In 2021, as the global economy recovered, the epidemic was under control, inflation expectations continued to rise, and international oil prices also recovered rapidly, and have remained stable at over US$70 per barrel since June.

The new crown epidemic spread globally in 2020, international oil prices plummeted, and the benchmark WTI crude oil futures price once fell to negative values. In 2021, as the global economy recovered, the epidemic was under control, inflation expectations continued to rise, and international oil prices also recovered rapidly, and have remained stable at over US$70 per barrel since June.

oil prices have such performance, some market participants believe that in addition to being related to the fundamentals of the crude oil market, it is also related to the recent selling of hedging positions by US shale oil developers.
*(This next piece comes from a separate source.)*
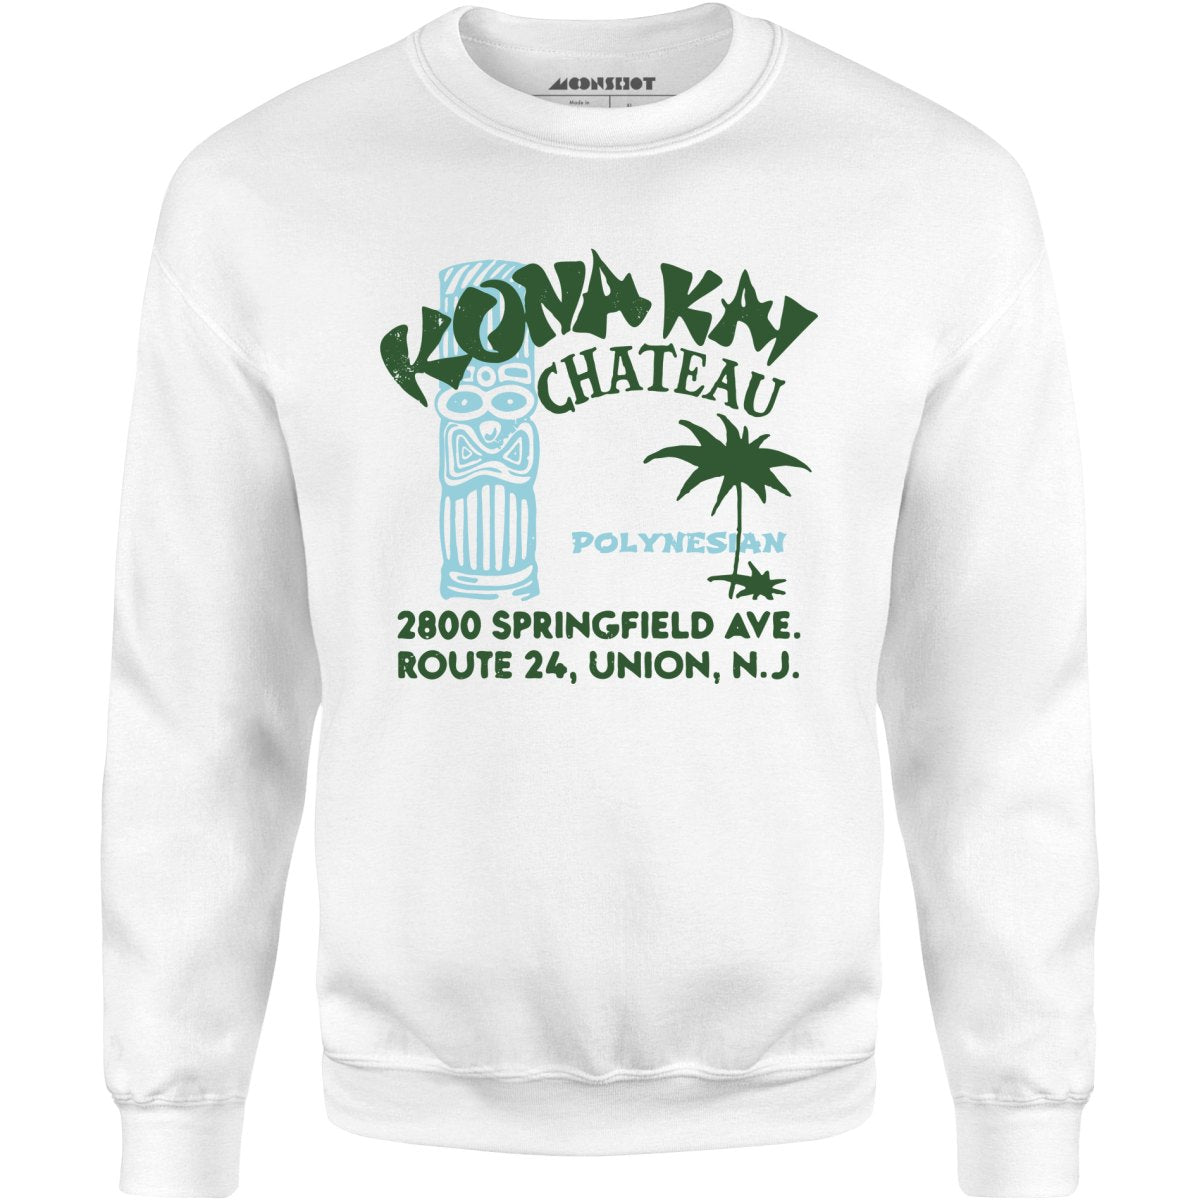 Kona Kai Chateu - Union, NJ - Vintage Tiki Bar - Unisex Sweatshirt
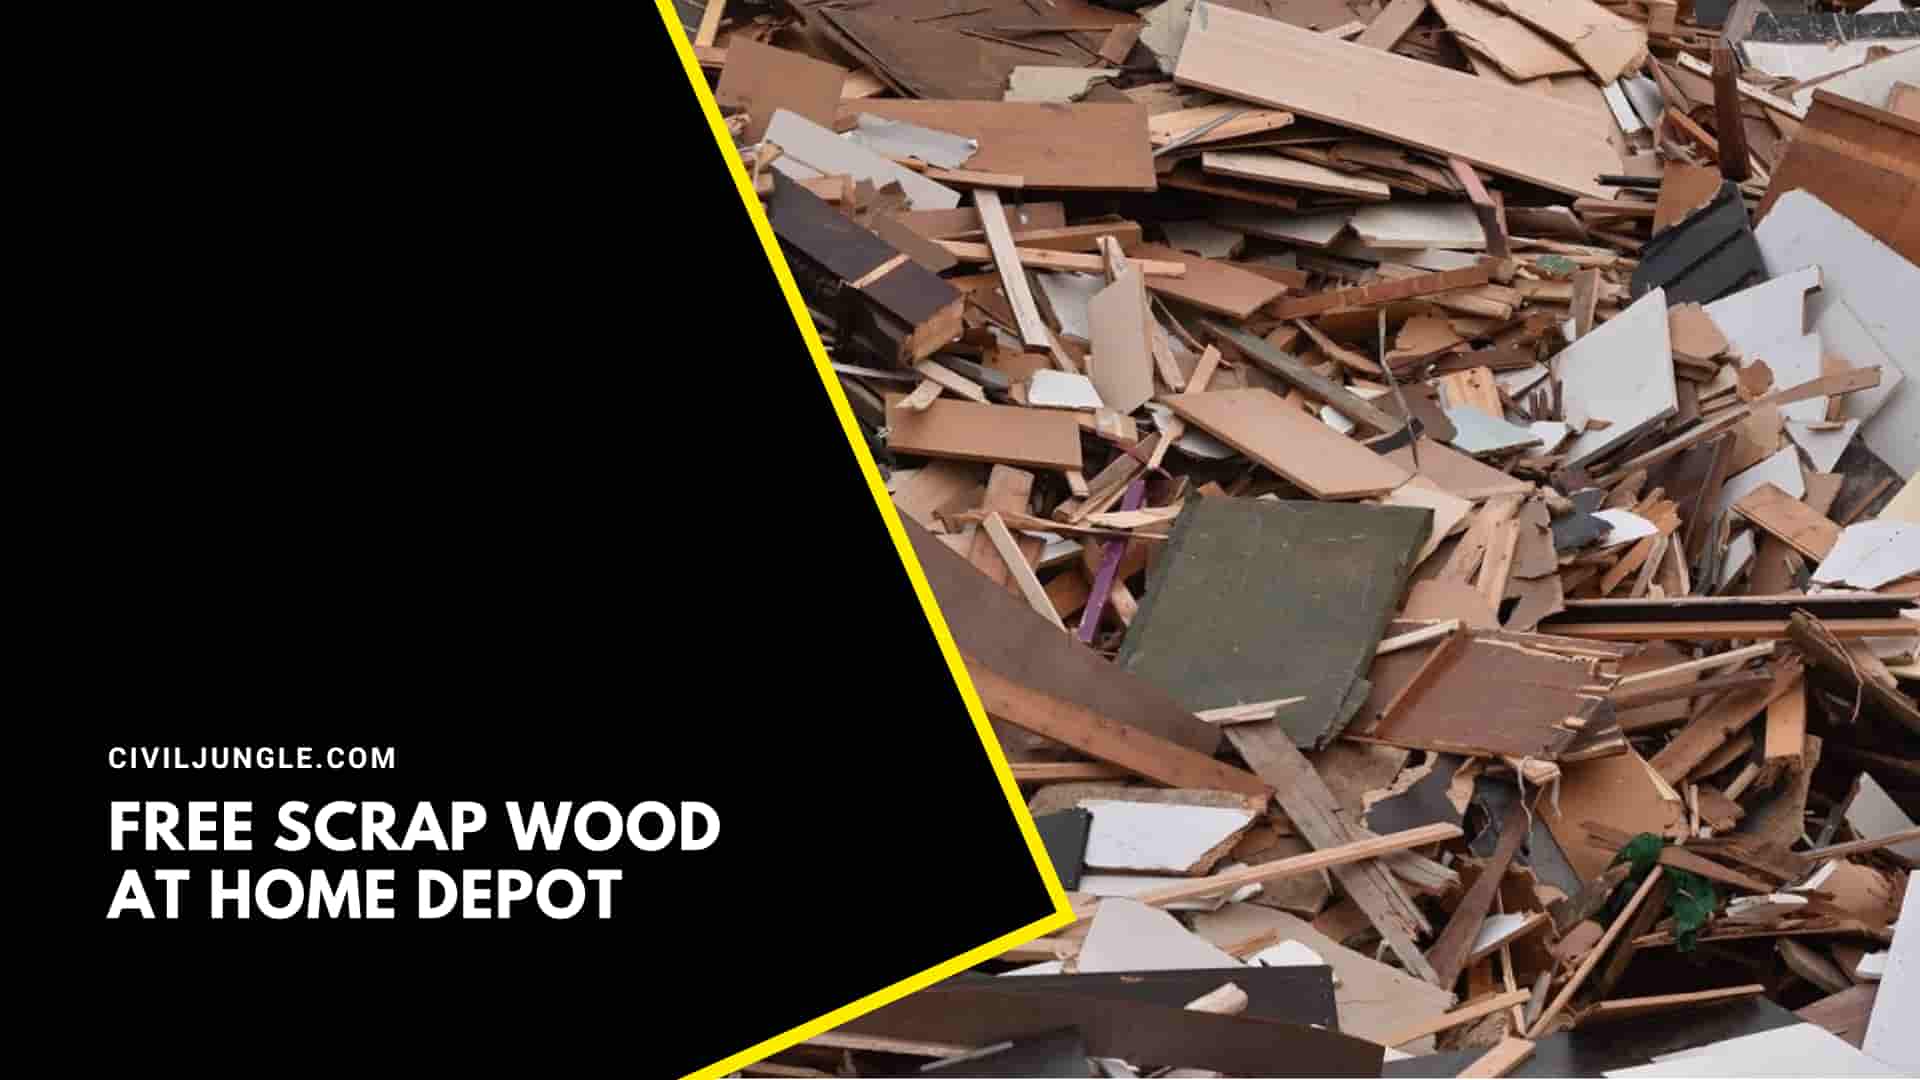 Free Scrap Wood at Home Depot

At the same time, the epidemic in the United States is on the rise. On July 15, the number of new cases in the United States reached 39,014, the highest since mid-May; on July 16, the number further soared, with more than 74,000 new cases per day, setting a new high since mid-April and the highest record in the world that day.

The number of new confirmed cases of the new crown in the United States rose from 11,300 on June 23 to 74,000 on July 16, more than five times in three weeks. In the past week, the number of new cases of new cases of new coronavirus in 50 states in the United States and , Washington, DC, has been increasing, with an average of 26,300 new cases in seven days. That's about 70% higher than last week's seven-day average, with 38 states growing at more than 50%.

Yesterday, OPEC representatives said that significant progress has been made in breaking through the deadlock with UAE . The online ministerial meeting is scheduled to be held at 12 pm local time today (6 pm Beijing time tonight). However, a representative warned that not every minister had confirmed attendance. The delegates said that the ministers of Saudi , Kuwait , UAE and Oman held an online meeting yesterday to discuss the issue. Since the information has not been disclosed, the representatives requested not to be named.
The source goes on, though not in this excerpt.